JOS VAN DER LANS - WEBLOG / TWITTER

Tijdens mijn politieke carrière als Eerste Kamerlid (1999-2007) was ik een van de eerste politici die in 2004 een eigen - tamelijk primitief - weblog begon. Eerst vooral vanwege mijn politieke activiteiten/meningen, maar in de loop der tijd steeds meer over mijn publicaties en publieke optredens als journalist en publicist. Zo werd het weblog een etalage voor iedereen die op hoogte wilde blijven van mijn gepubliceerde artikelen en columns, van gebeurtenissen waar ik bij ben geweest, van observaties die ik doe, van meningen die in mij opwellen, of van andere persoonlijke wetenswaardigheden.

Het is geen dagboek, maar wel een soort maandboek geworden, waar ik zelf regelmatig in terug blader om nog even na te gaan hoe het ook al weer zat.

Reacties worden op prijs gesteld. Stuur een email naar: info©josvdlans.nl

weblog - juni 2009
Column Harm Klifman

Geachte heer van der Lans,

Onlangs las ik uw boek
Ontregelen. De gedachten die u daarin ontvouwde over de herwinning van een constructieve relatie tussen burger en professional sporen met mijn opvattingen, toegespitst op het onderwijs. Ik heb ze daarom verwerkt in een column waarvan u de tekst onder dit bericht aantreft.

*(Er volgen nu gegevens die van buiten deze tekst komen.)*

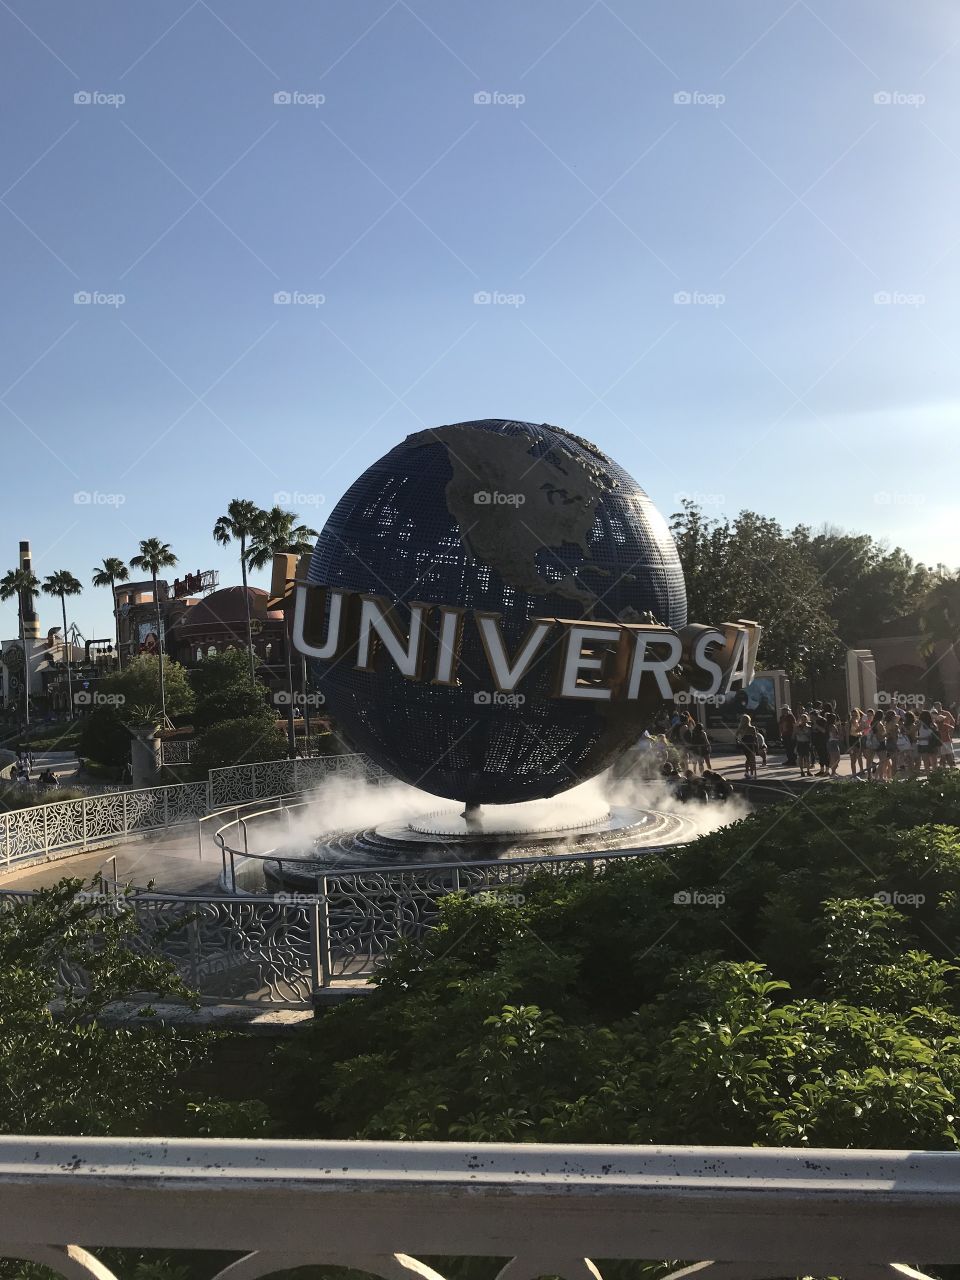 The universal globe
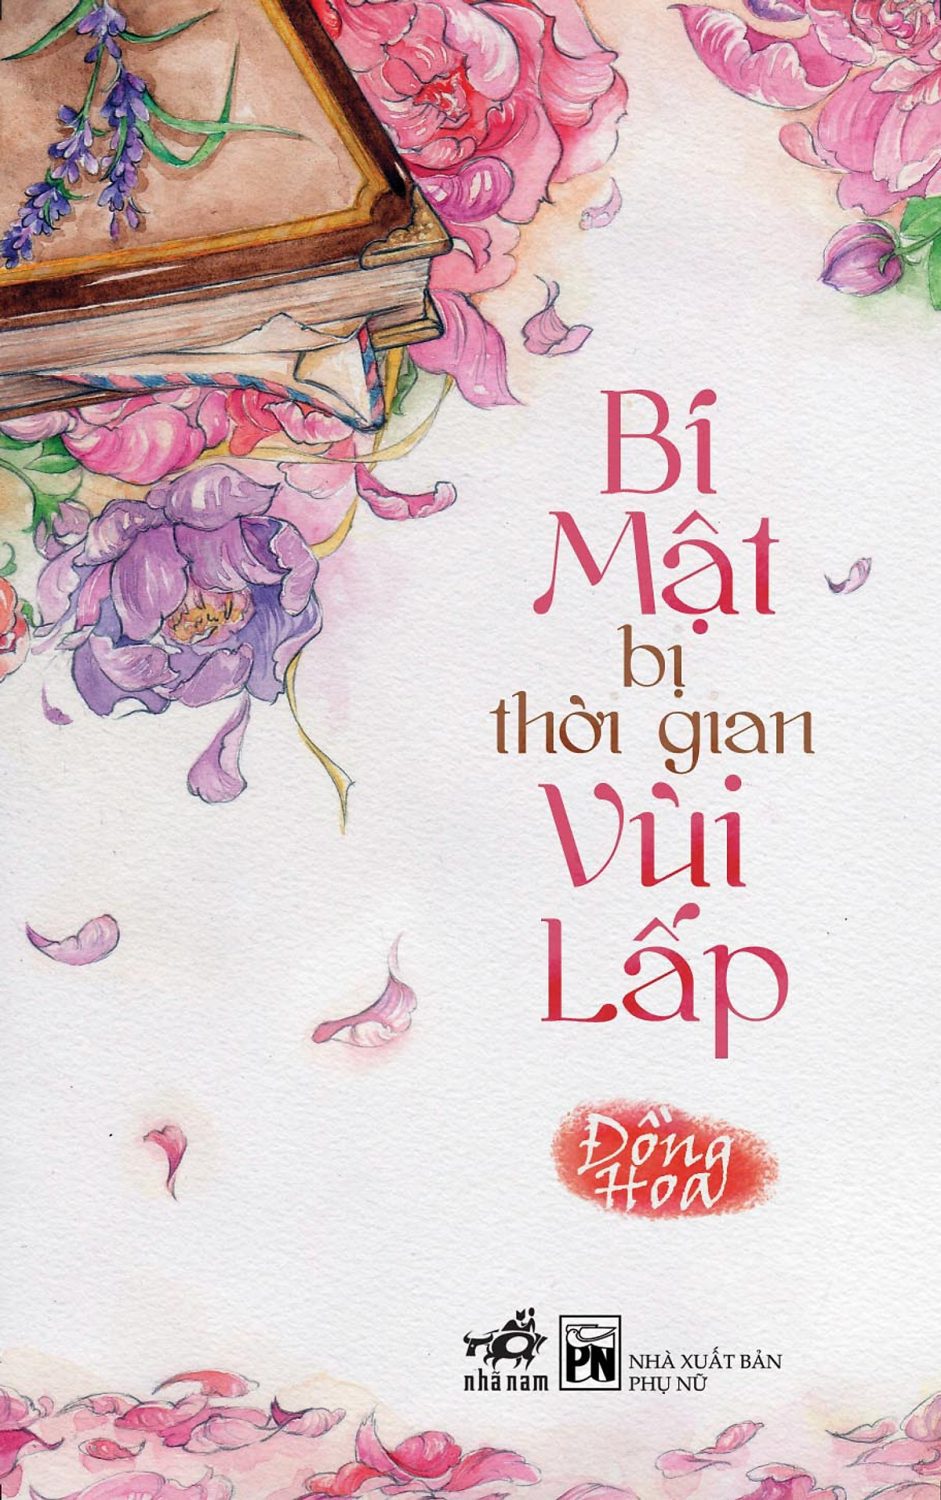 Bi Mat Bi Thoi Gian Vui Lap Scaled

Vorig jaar was ik vaste columnist in de wekelijkse Nieuwsbrief van de Besturenraad, de organisatie van het christelijk onderwijs. Onlangs ben ik van werkgever veranderd en in dienst getreden van Van Beekveld en Terpstra Organisatieadviesbureau in Hoorn. Daar zet ik de columns voort in een periodiek e-mailbericht aan persoonlijke relaties en op mijn site. Op deze column krijg ik mooie reacties van mensen die terugmelden dat ze uw boek gaan kopen. Tot deze personen behoort ook Jannie van den Hul, voorheen uw collega voor het CDA in de Eerste Kamer. Ik vind het leuk om u dit te melden. Misschien u ook.

Met vriendelijke groet,

dr Harm Klifman



Fusietoets In het Onderwijs Café is op 16 juni gediscussieerd over de wenselijkheid of onwenselijkheid van een fusietoets in het primair en voortgezet onderwijs. Ik las een uitgebreid verslag op de site van de PO-raad. Zoals bekend heeft de Tweede Kamer dit punt, de fusietoets, op zijn gespreksagenda. Er ligt een rapport van de Onderwijsraad en zo nog het een en ander. Het verhaal eromheen is bekend. Politici en ouders maken zich ongerust over de schaalvergrotingen die her en der plaatsvinden en over de gevolgen daarvan voor het onderwijs. Kort gezegd, gaat er wat fout als verschillende besturen de koppen bij elkaar steken en besluiten hun scholen onder één gezag te brengen? In de discussies over deze vraag treedt vaak ruis, ruis en nog eens ruis op. Zo halen velen bestuurlijke en institutionele schaalvergroting door elkaar; zij denken dat als besturen fuseren en hun scholen onder één gezag brengen dat die scholen dan automatisch groter worden, wat niet het geval is. Anderen denken dat er voor ouders minder te kiezen is, hetgeen in de praktijk bijna nooit verkeerd blijkt te gaan. En weer anderen zijn bang dat de leerling uit beeld verdwijnt; zij bepleiten een menselijke maat, wat dat dan ook mag betekenen. En weer anderen vermoeden dat er achter de schaalvergrotingsoperaties één groot complot zit van bestuurders die slechts een doel hebben: een salarisschaal erbij.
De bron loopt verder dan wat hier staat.